COVID-19 abnormalities revealed

Patients with COVID-19 can have bowel abnormalities, including ischaemia, according to a new study.

Several studies have evaluated the chest imaging findings in COVID-19, which has helped improve understanding of how the disease affects the lungs.

More recently, reports have documented that gastrointestinal symptoms, liver injury, and vascular findings are common in these patients.

However, abdominal imaging findings have yet to be widely reported.

Imaging findings may help physicians understand abdominal manifestations in patients with the infection.

The retrospective study included 412 patients admitted to a single care centre from 27 March to 10 April 2020, who tested positive for severe acute respiratory syndrome coronavirus 2 (SARS-CoV-2).

The cohort included 241 men (58.5 per cent) and 171 women (41.5 per cent), with an average age of 57 years.

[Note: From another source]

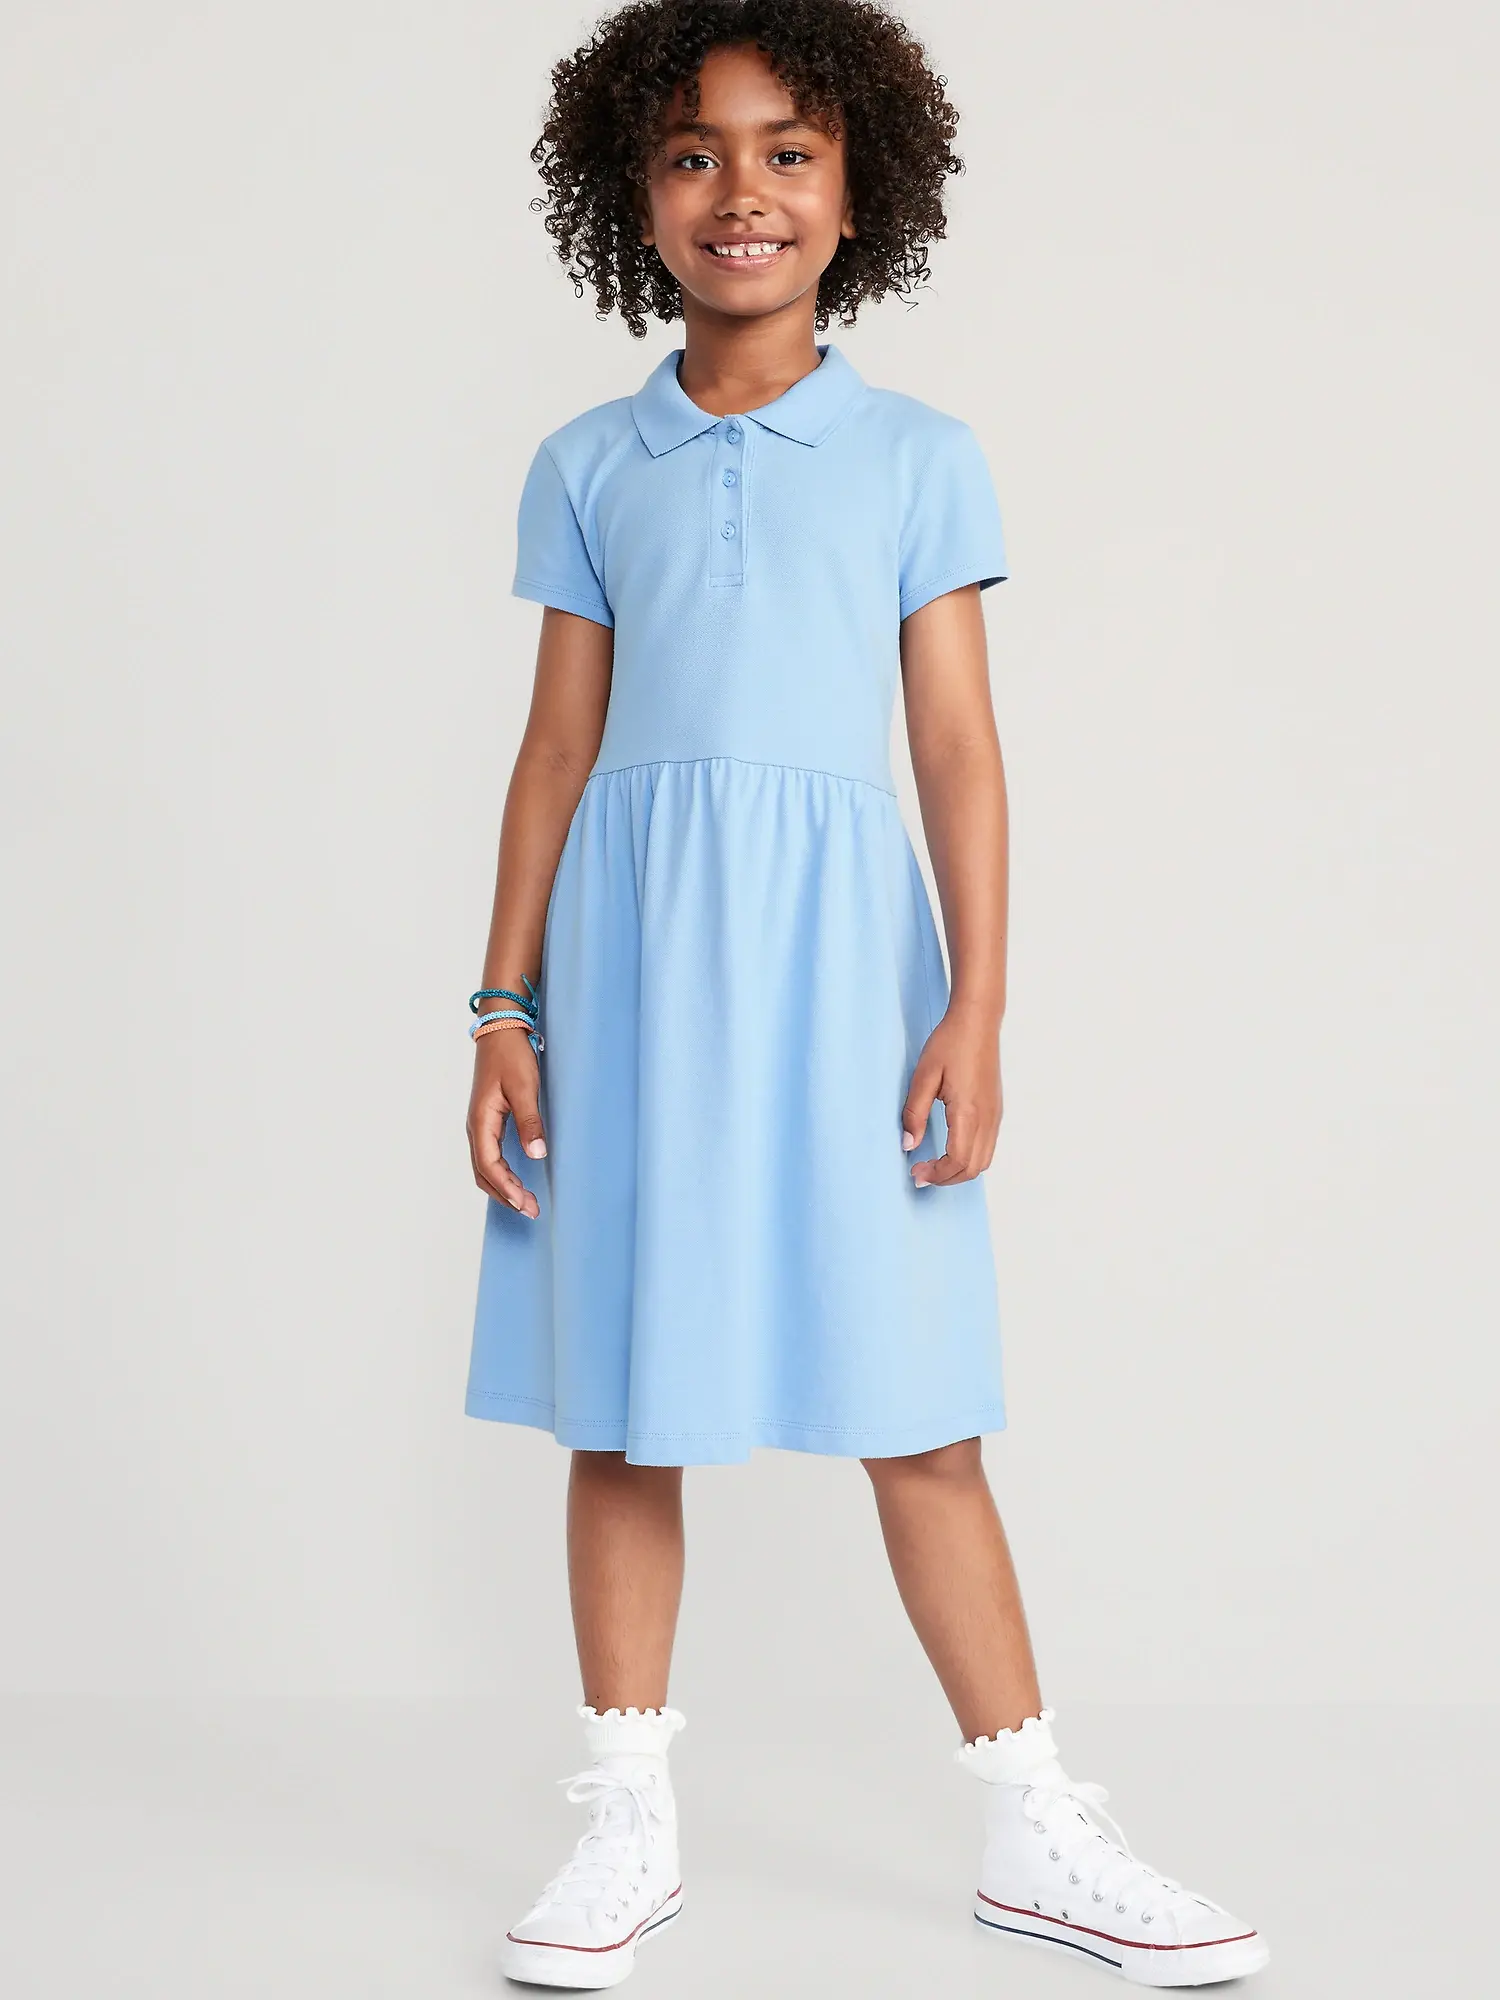 Old Navy School Uniform Fit & Flare Pique Polo Dress for Girls blue. 1

Records showed that 17 per cent of patients had cross-sectional abdominal imaging, including 44 ultrasounds, 42 CT scans, and one MRI.

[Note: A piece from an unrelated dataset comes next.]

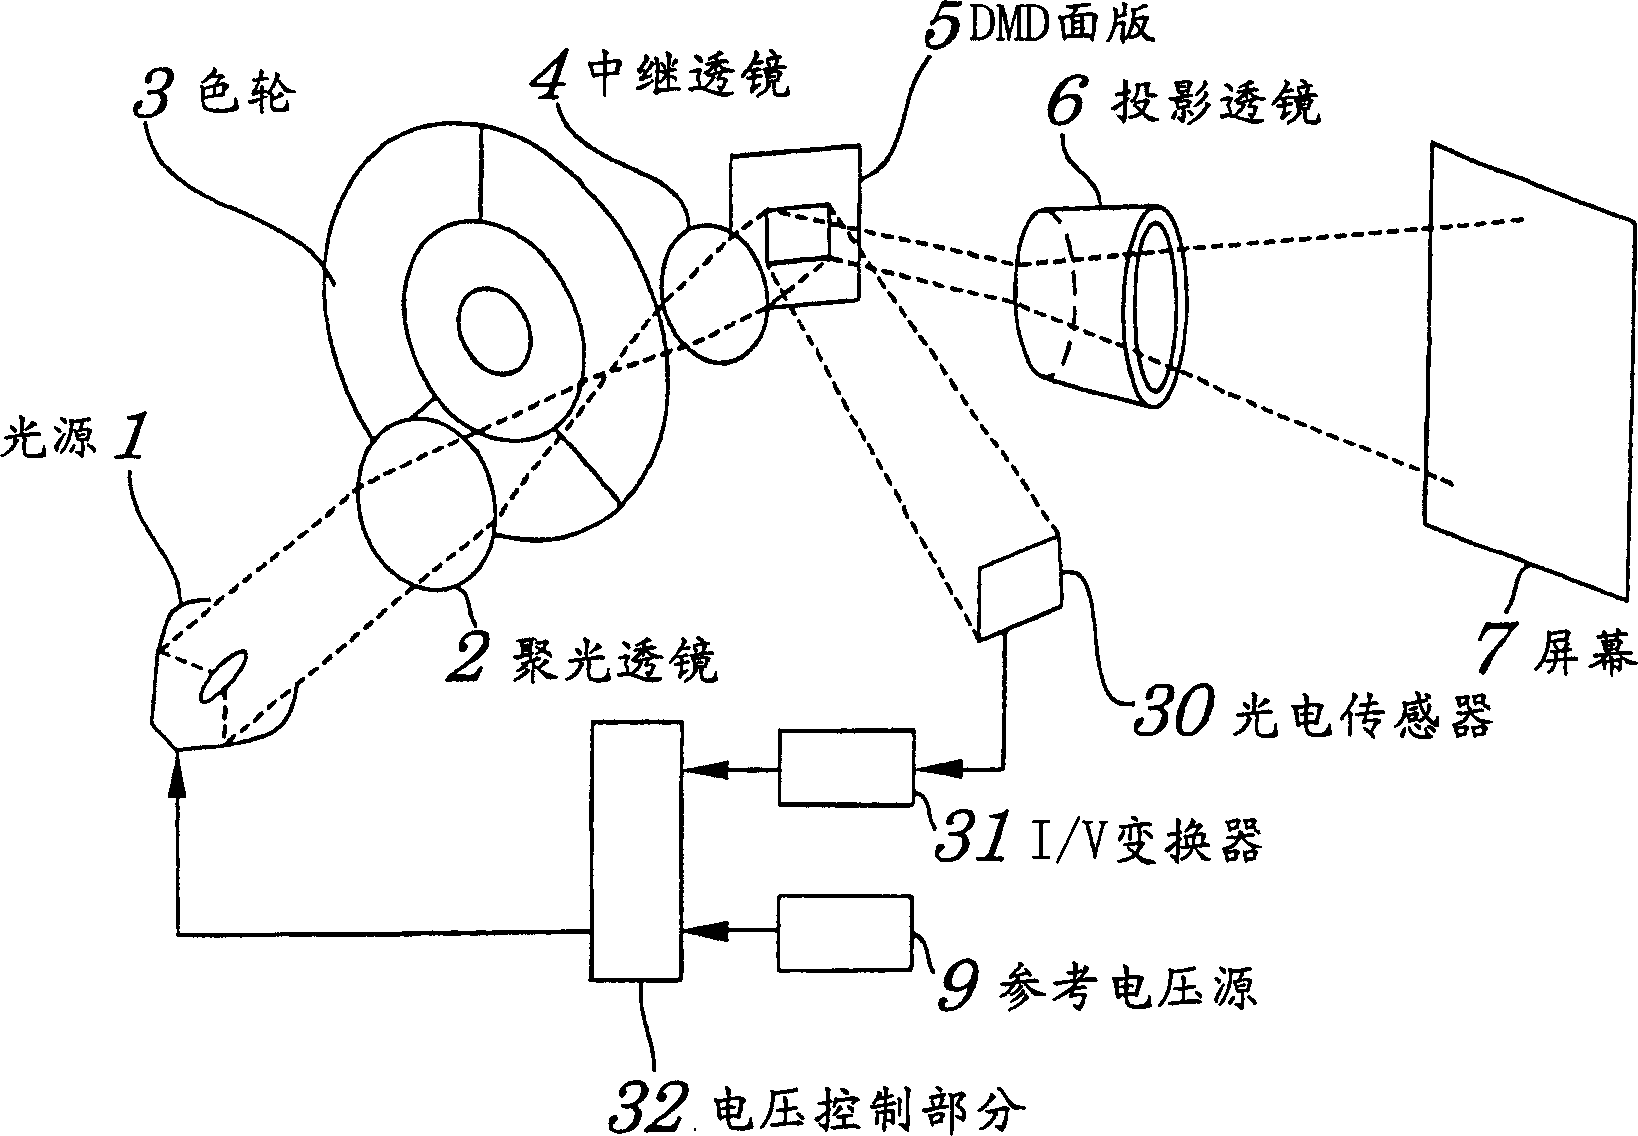 Digital mirror device projector and method of controlling amount of light being used in digital mirror device projector

Bowel abnormalities were seen on 31 per cent of CT scans (3.2 per cent of all patients) and were more frequent in intensive care unit (ICU) patients than other inpatients.

Bowel findings included thickening and findings of ischaemia such as pneumatosis (gas in the bowel wall) and portal venous gas.

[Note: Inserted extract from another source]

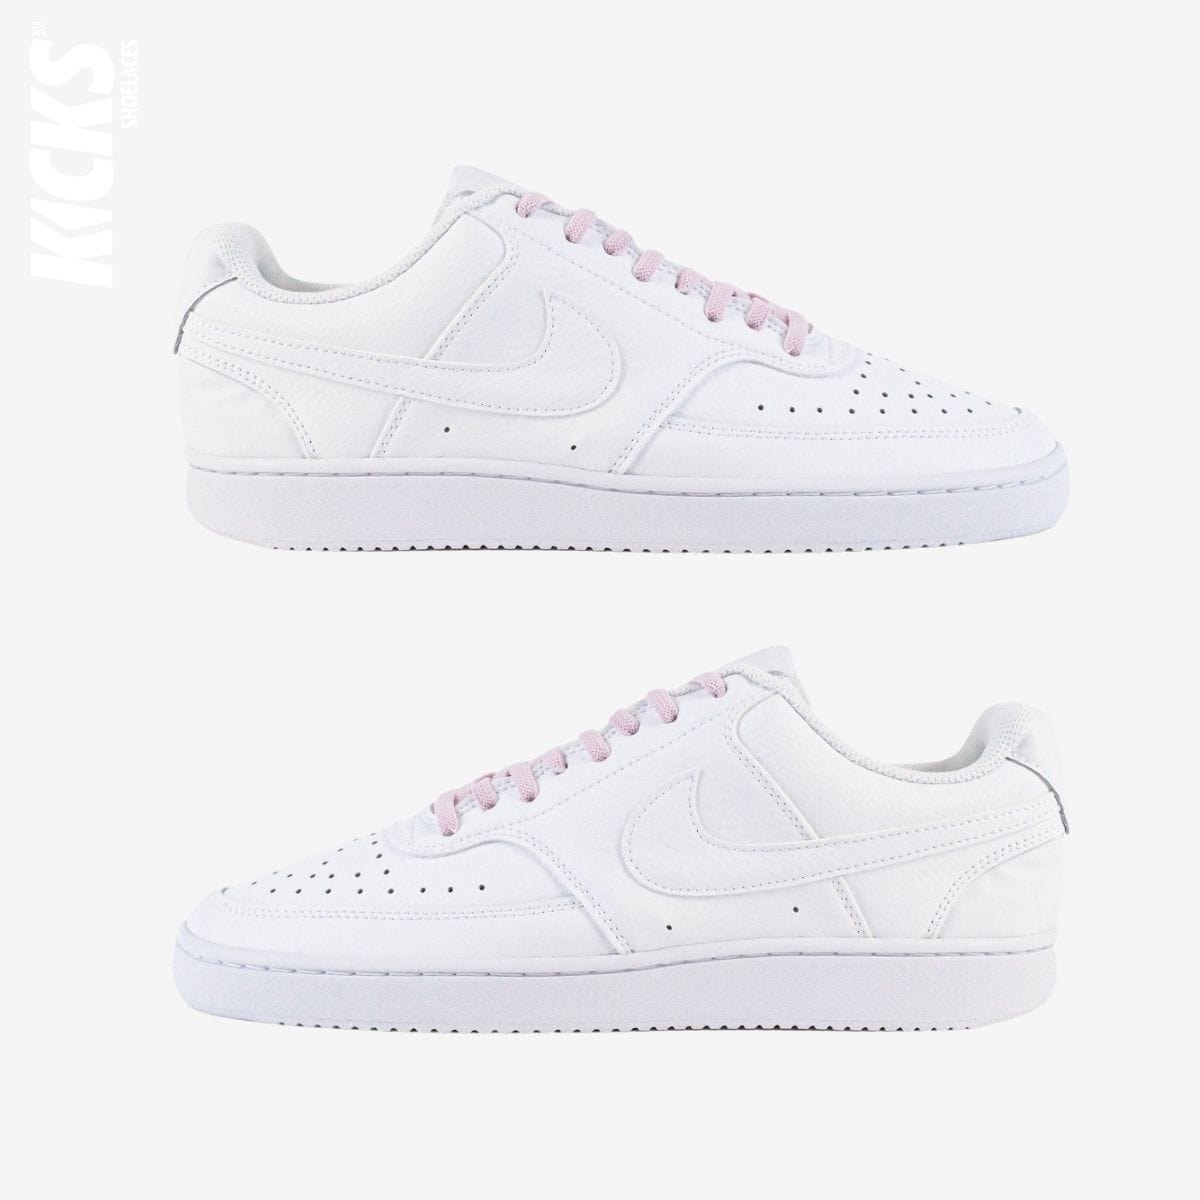 tieless-laces-with-pink-laces-on-nike-white-sneakers-by-kicks-shoelaces
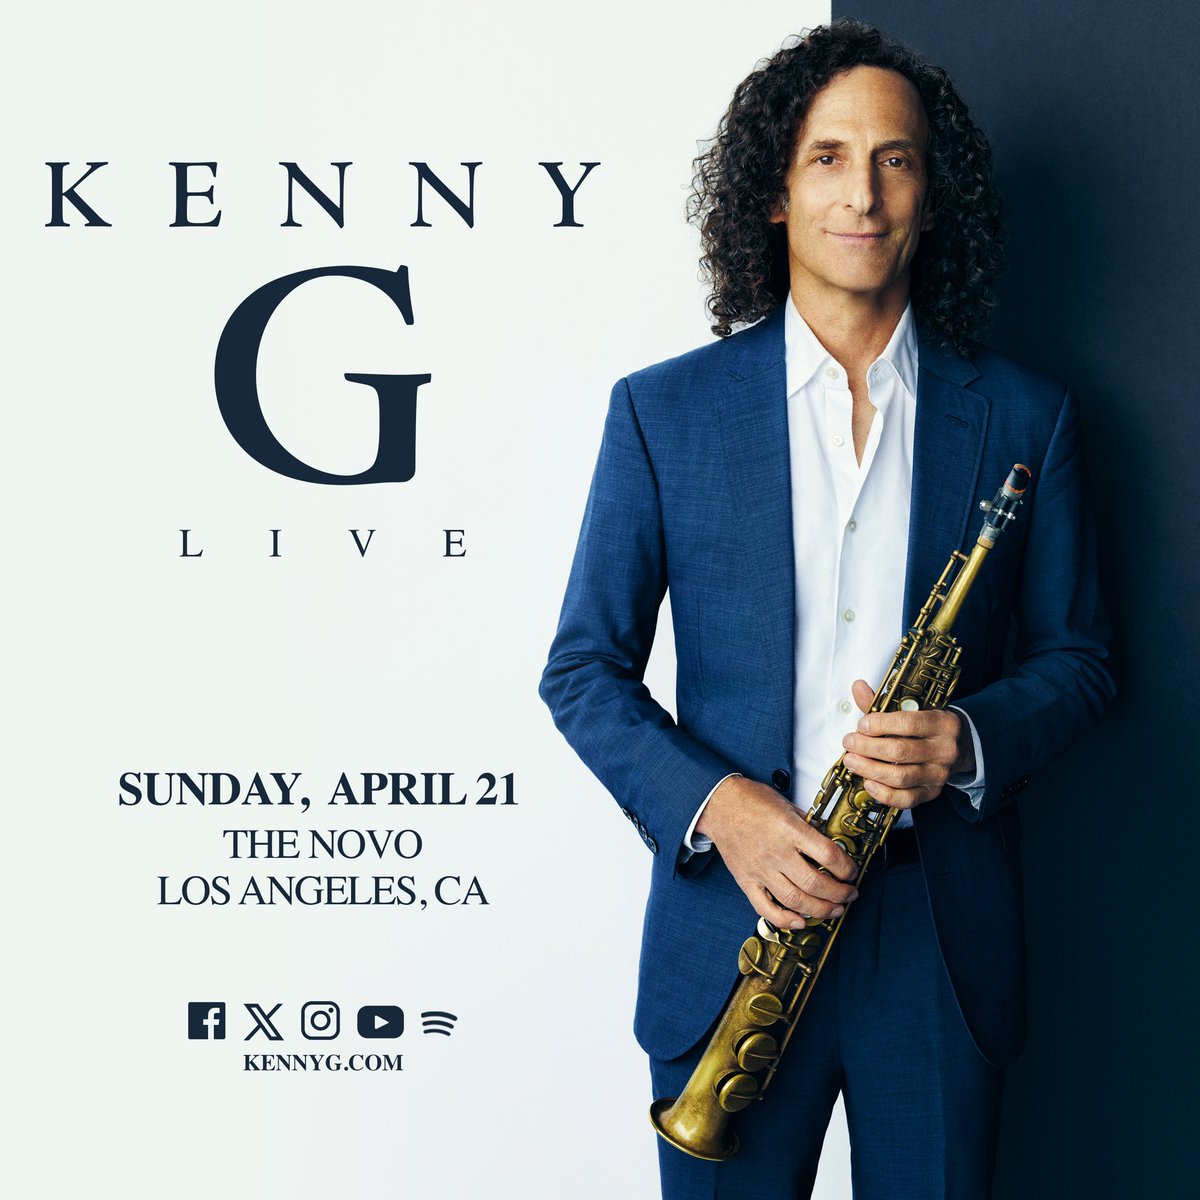 Los Angeles! I’ll be performing live at @TheNovoDTLA on April 21st. Tickets are available now. I’m looking forward to seeing you all for what will be an incredible night. kennyg.com/events

Surgical correlation in four patients revealed unusual yellow discolouration of bowel in three of the patients, and bowel infarction (dead bowel) in two patients.

“We found bowel abnormalities on imaging in patients with COVID-19, more commonly in sicker patients who went to the ICU,” said Dr Rajesh Bhayana.

In two patients who had bowel resection, pathology demonstrated ischaemia with patchy necrosis (injury due to reduced arterial flow with patchy areas of cell death). Both had fibrin thrombi (blood clots) in submucosal arterioles (small arteries in the bowel wall), suggesting bowel ischaemia in these patients might have been caused by these small blood clots.

Lung base findings led to a diagnosis of COVID-19 in one patient who presented with abdominal symptoms only.

“Some findings were typical of bowel ischaemia, or dying bowel, and in those who had surgery we saw small vessel clots beside areas of dead bowel,” Dr Bhayana said.

“Patients in the ICU can have bowel ischaemia for other reasons, but we know COVID-19 can lead to clotting and small vessel injury, so the bowel might also be affected by this.”

According to the researchers, possible explanations for the spectrum of bowel findings in patients with COVID-19 include direct viral infection, small vessel thrombosis, or nonocclusive mesenteric ischaemia.

The authors added that further studies are required to clarify the cause of bowel findings in patients with COVID-19 and to determine whether SARS-CoV-2 plays a direct role in bowel or vascular injury.

“Our study is preliminary, and more work is needed to understand the cause of bowel findings in these patients,” Dr Bhayana said.